Could you reproduce, from the records below, everything from the line with "A Summer Raven's" down to the line with "Hallmarked: Meissen mark", keeping both of those lines and changing nothing?

━━━━━ RECORDS TO PROCESS

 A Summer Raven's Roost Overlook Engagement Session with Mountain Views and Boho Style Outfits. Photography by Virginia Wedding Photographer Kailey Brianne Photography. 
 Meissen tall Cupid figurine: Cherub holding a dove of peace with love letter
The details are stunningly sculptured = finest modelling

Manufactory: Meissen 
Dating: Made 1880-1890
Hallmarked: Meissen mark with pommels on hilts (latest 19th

━━━━━━━━━━
━━━━━ RECORDS TO PROCESS

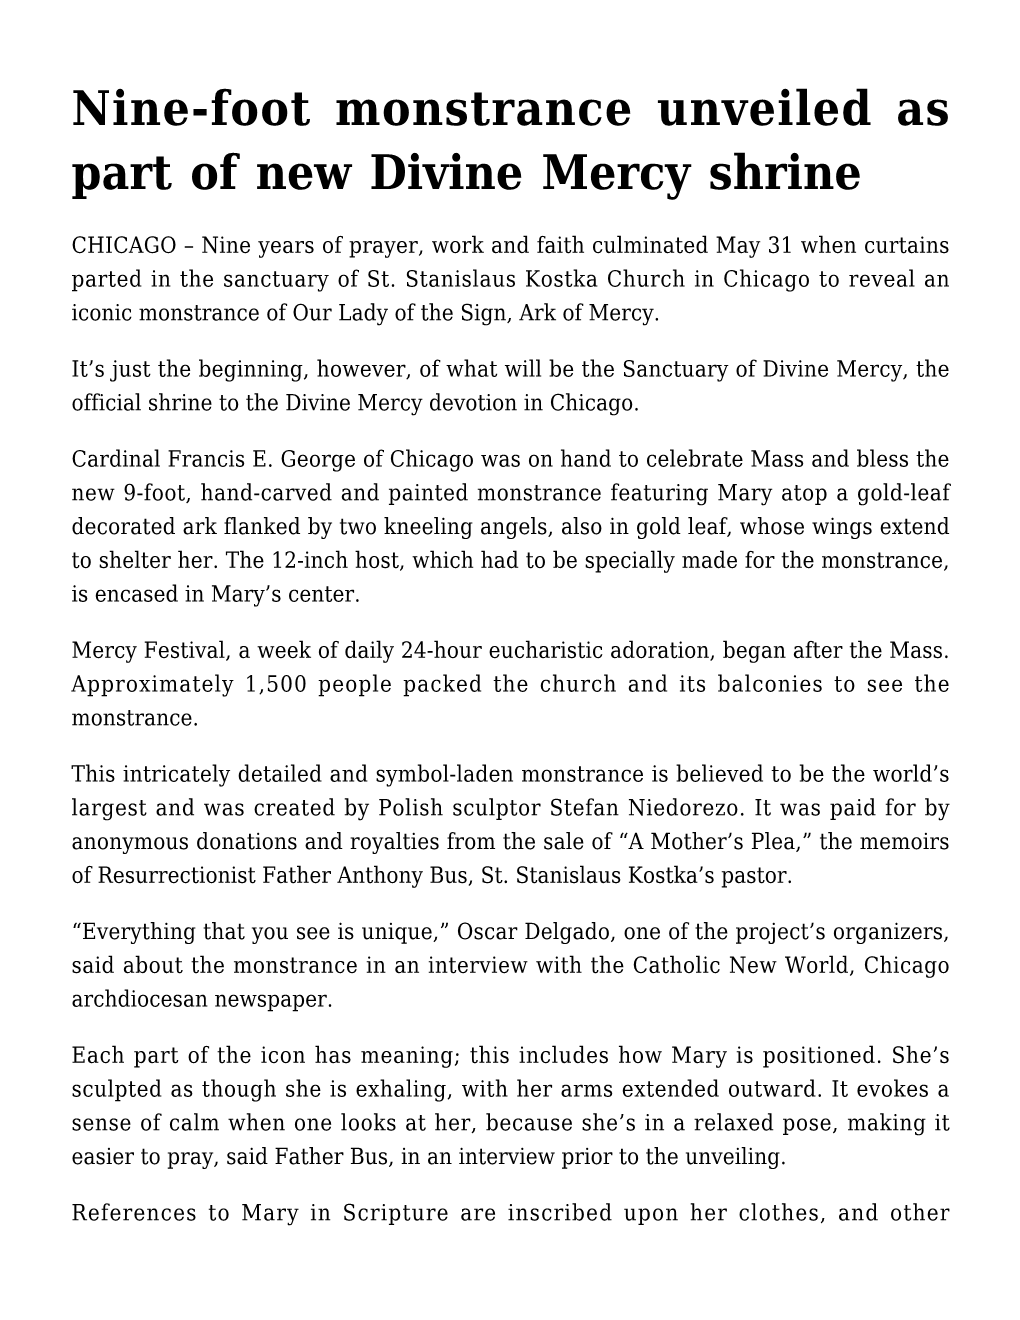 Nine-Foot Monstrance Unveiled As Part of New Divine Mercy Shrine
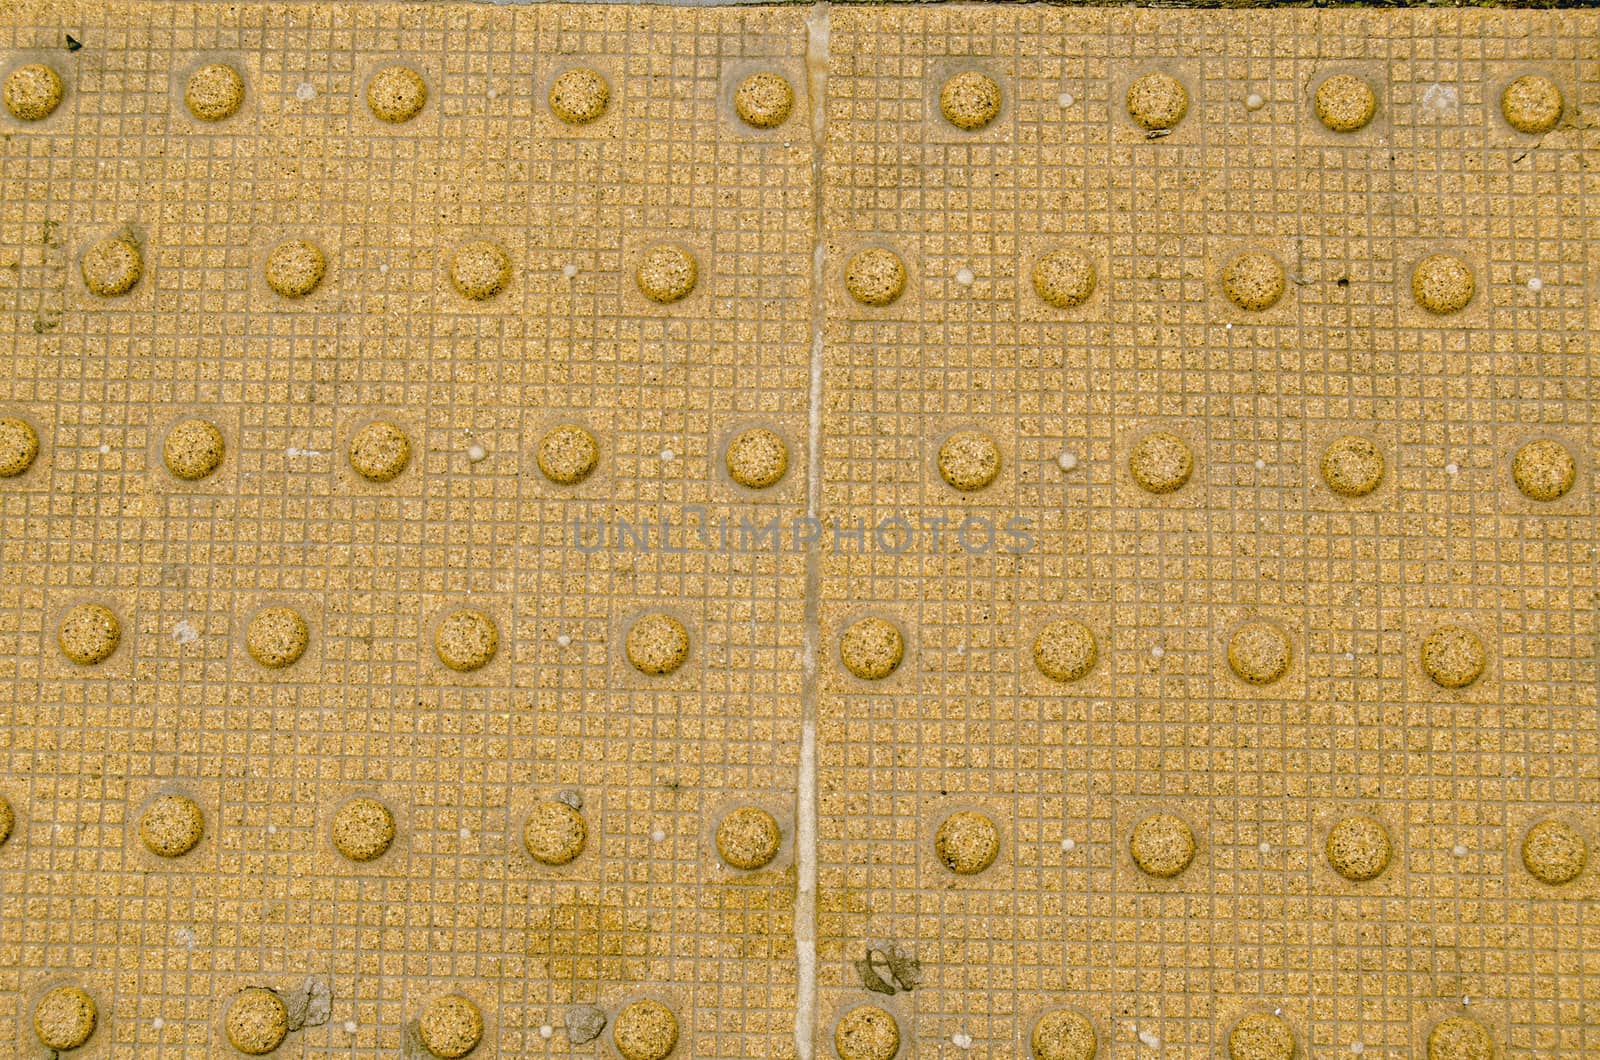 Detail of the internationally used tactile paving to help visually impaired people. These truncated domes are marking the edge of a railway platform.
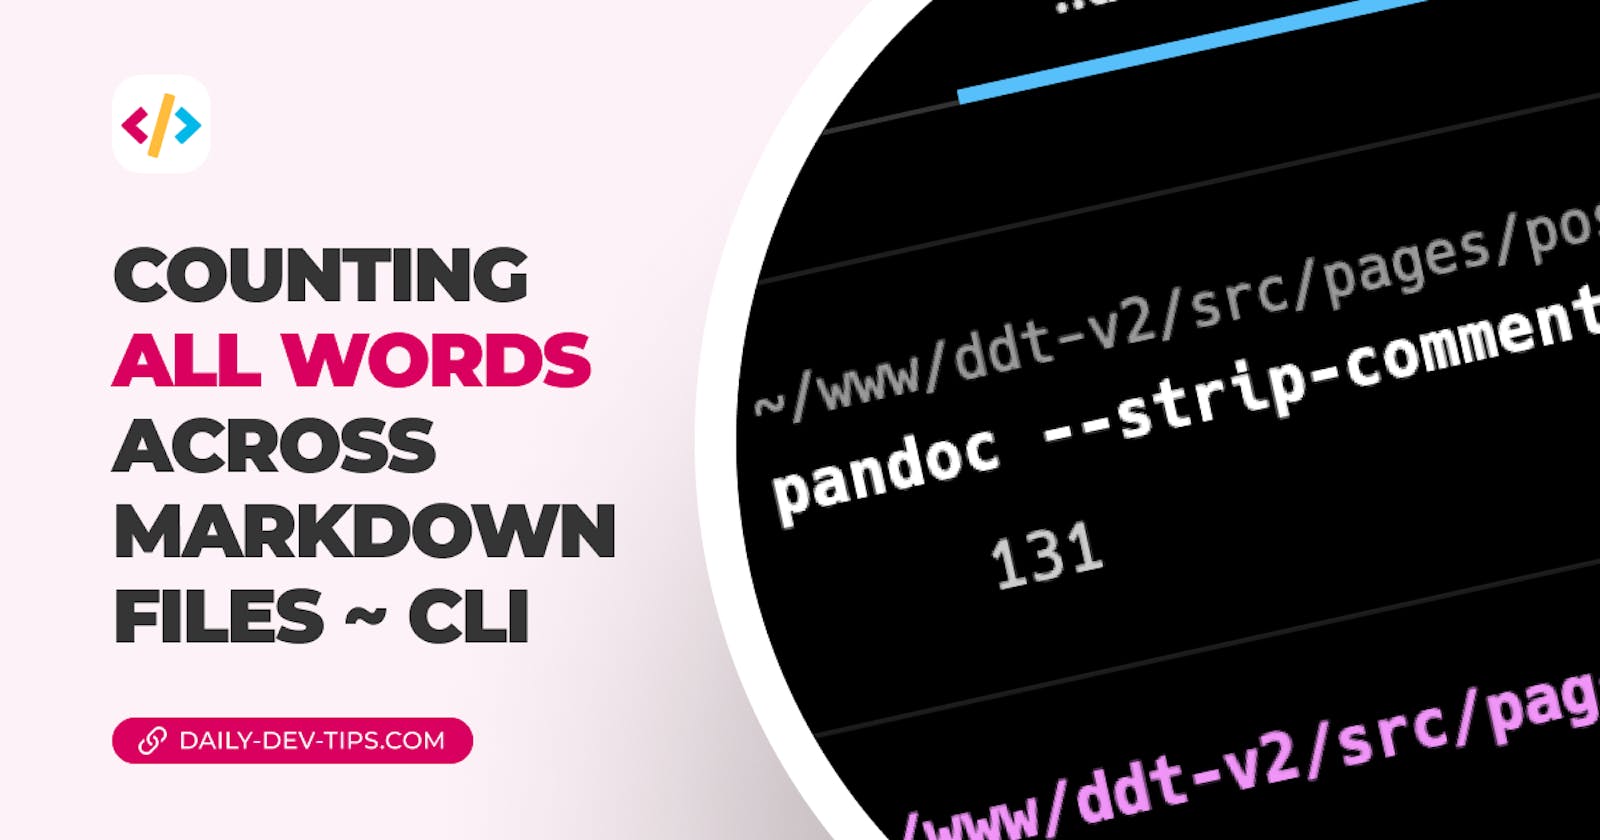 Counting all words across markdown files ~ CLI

━━━━━━━━━━

### ANSWER SPACE
 A Summer Raven's Roost Overlook Engagement Session with Mountain Views and Boho Style Outfits. Photography by Virginia Wedding Photographer Kailey Brianne Photography. 
 Meissen tall Cupid figurine: Cherub holding a dove of peace with love letter
The details are stunningly sculptured = finest modelling

Manufactory: Meissen 
Dating: Made 1880-1890
Hallmarked: Meissen mark with pommels on hilts (latest 19th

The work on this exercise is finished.